In un’epoca dominata da app e social network, c’è chi continua a credere nel potere di una tavola
condivisa. È il caso di Roberto Dellanotte, ideatore de “La Cena degli Sconosciuti”, il format italiano che da oltre vent’anni mette a sedere perfetti estranei allo stesso tavolo per favorire incontri, amicizie e, talvolta, amori destinati a durare.
L’idea nata a Milano nel 2002
La storia della Cena degli Sconosciuti inizia nel 2002, quando Dellanotte, organizzatore di eventi, decide di sperimentare un modo diverso per far incontrare le persone: niente chat, niente profili online, ma una cena reale tra sconosciuti, basata sulla spontaneità e sulla convivialità.
Quella che sembrava una semplice intuizione si è trasformata nel tempo nella prima e più longeva “social dinner” italiana, un format che ha anticipato di anni il bisogno moderno di socialità autentica.
L’obiettivo era chiaro fin dall’inizio: creare occasioni per uscire dalla solitudine, favorire nuove amicizie e, perché no, far nascere storie d’amore.
Il successo in tutta Italia
Dalla prima cena milanese, il progetto si è rapidamente diffuso in tutta la penisola, coinvolgendo migliaia di partecipanti e raggiungendo decine di città. Ogni mese si tengono numerosi appuntamenti, con persone che decidono di mettersi in gioco sedendosi accanto a perfetti sconosciuti.
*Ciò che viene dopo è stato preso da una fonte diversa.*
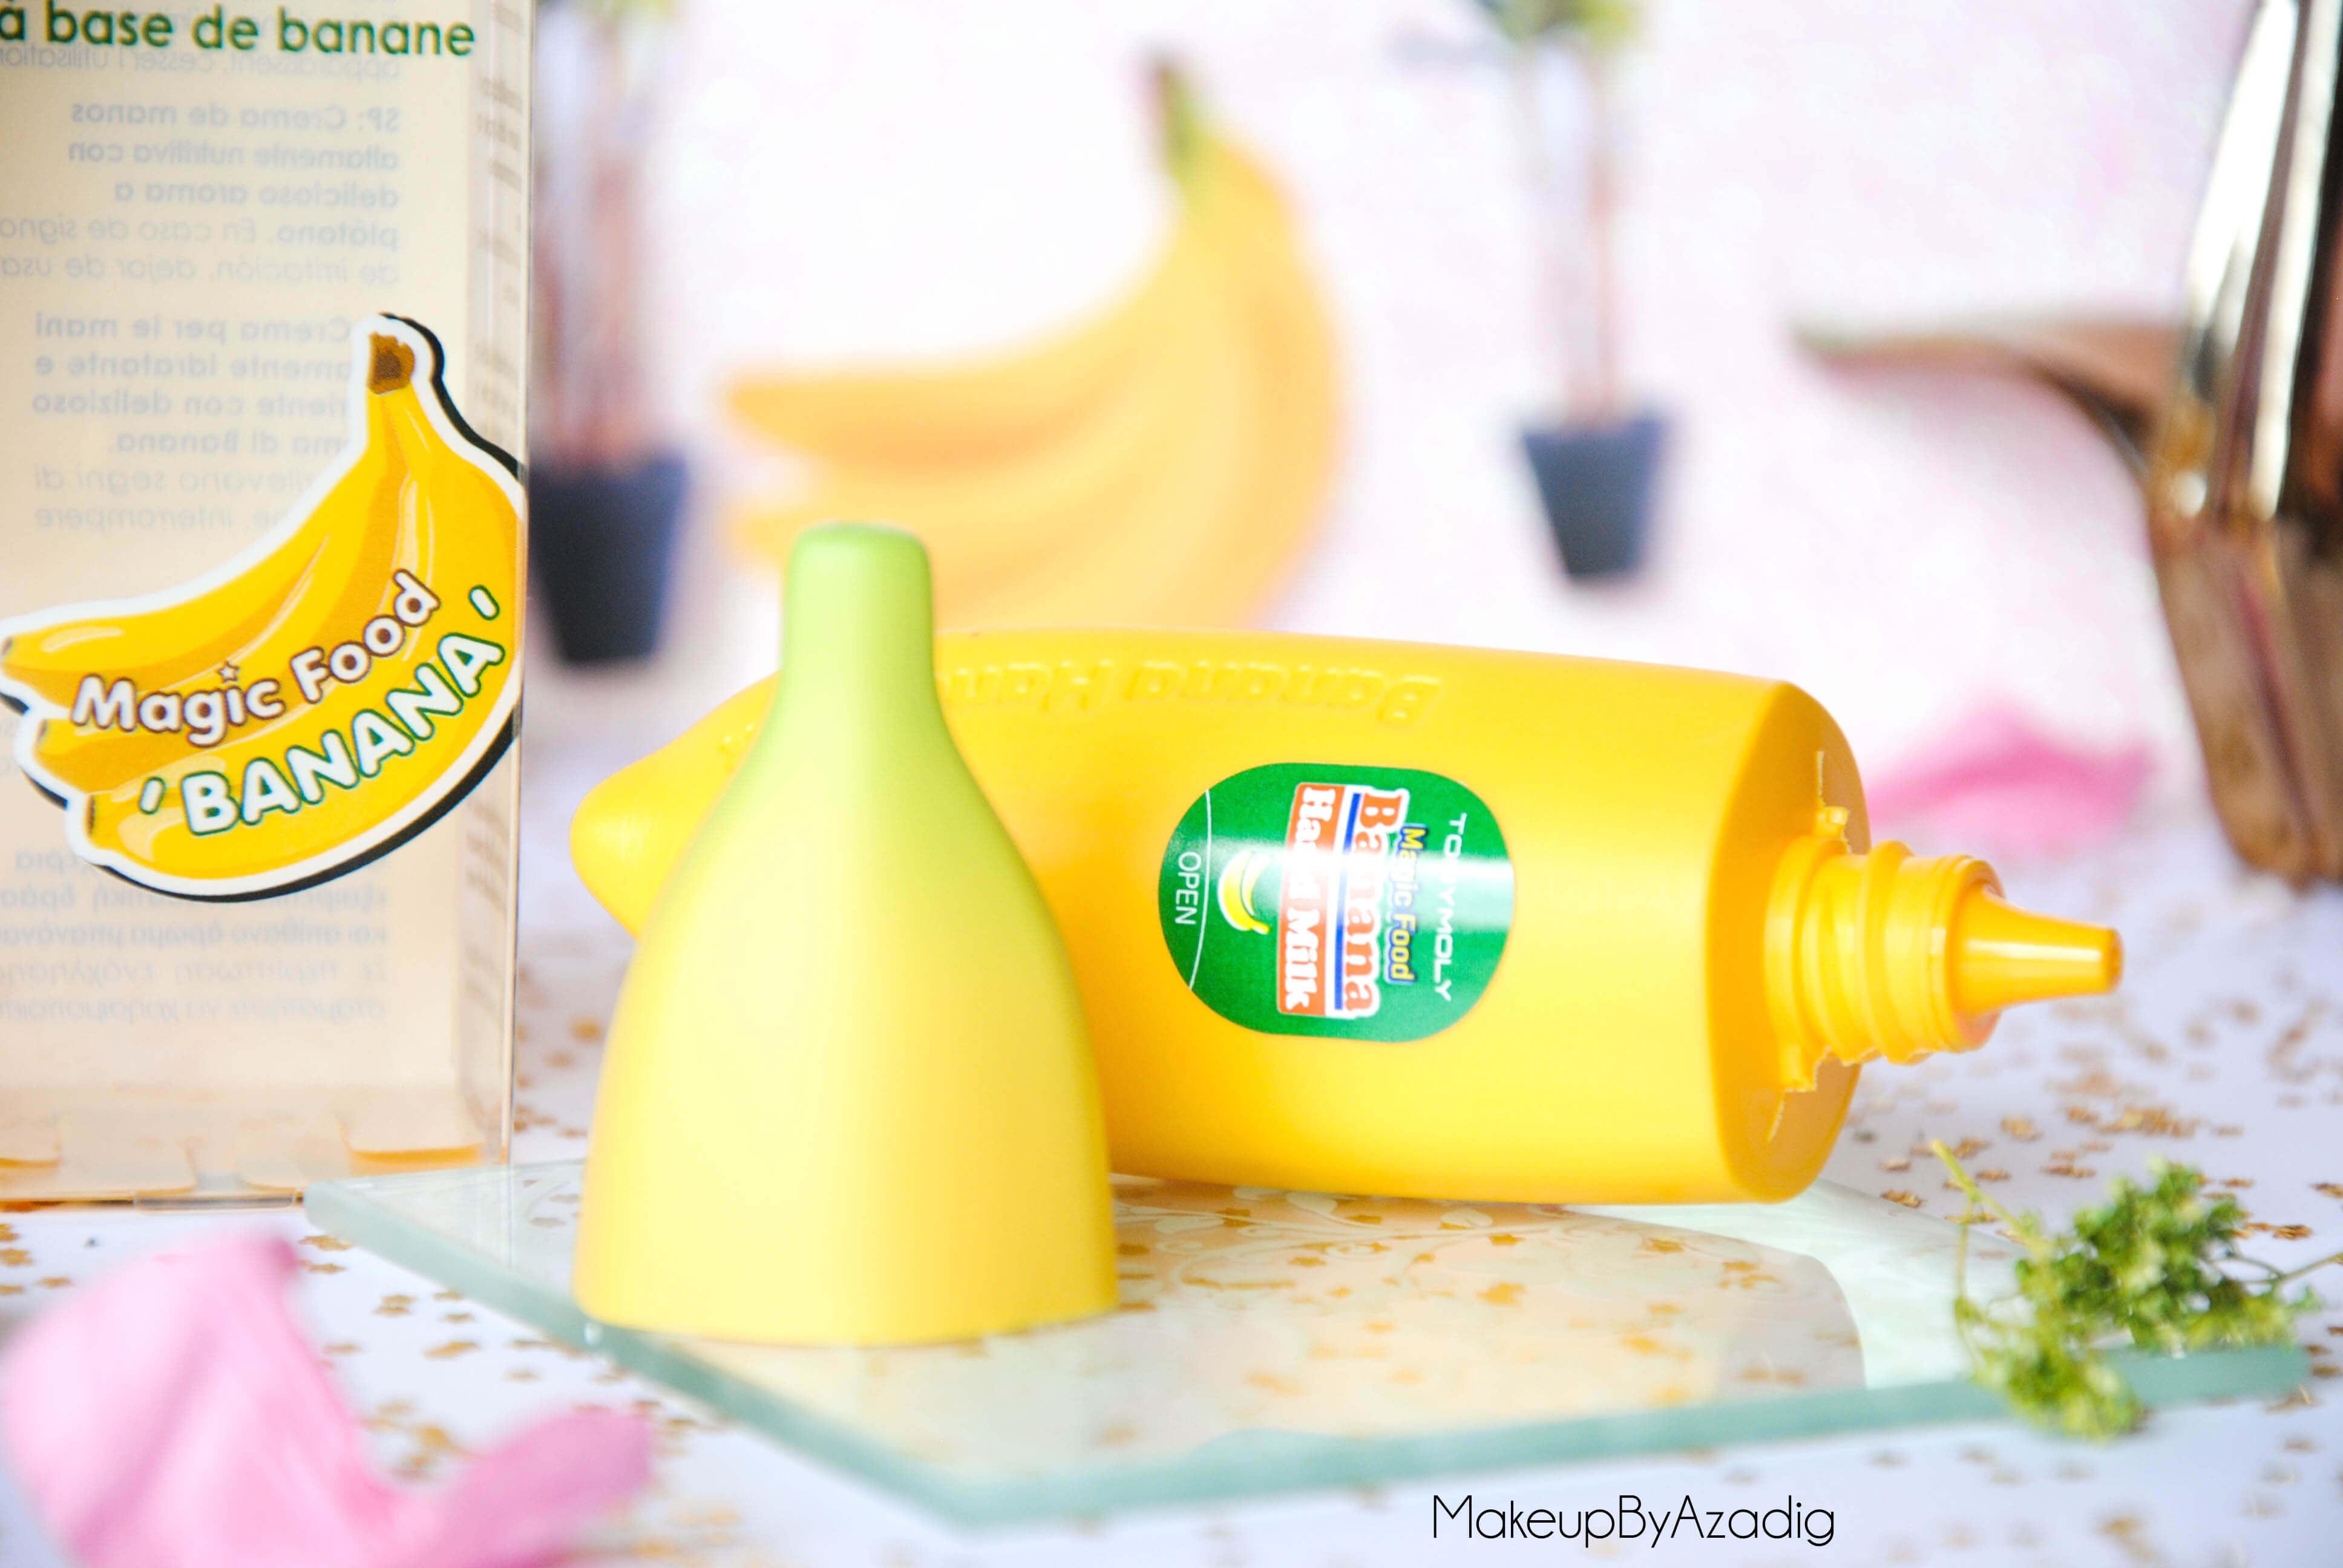 magic-food-banana-hand-milk-tonymoly-banane-creme-main-hand-cream-review-revue-paris-dijon-troyes-makeupbyazadig-kawai-family

Il funzionamento è semplice: ci si iscrive online, si arriva al ristorante e si sceglie liberamente il posto a tavola, lasciando spazio all’istinto. Non esistono schede, obblighi o formalità, ma solo la volontà di socializzare.
Secondo lo stesso Dellanotte, il successo del format risiede nella sua naturalezza: “Si entra in un ristorante, non si conosce nessuno, passano cinque minuti e si sta già chiacchierando come se ci si conoscesse da tempo”.
Oltre le app, il ritorno agli incontri reali
In un contesto sociale sempre più digitale, la Cena degli Sconosciuti rappresenta una risposta concreta al bisogno di relazioni autentiche. L’iniziativa, infatti, nasce proprio con l’intento di offrire un’alternativa agli incontri virtuali, riscoprendo il valore della presenza fisica e della conversazione diretta.
Non si tratta soltanto di eventi per single, ma di occasioni aperte a chiunque desideri conoscere nuove persone, ampliare il proprio giro sociale o semplicemente trascorrere una serata diversa dal solito.
Un fenomeno sociale che dura da oltre vent’anni
A più di vent’anni dalla sua nascita, il format continua a crescere, confermando che il bisogno umano di incontrarsi e condividere momenti reali resta forte, anche nell’era digitale. Dalle cene tradizionali agli aperitivi tematici, fino ad altre iniziative simili ideate da Dellanotte, il progetto ha contribuito a cambiare il modo di vivere le relazioni sociali in Italia.
In un mondo sempre più connesso virtualmente, la Cena degli Sconosciuti dimostra che, a volte, basta sedersi a tavola per cambiare la propria vita.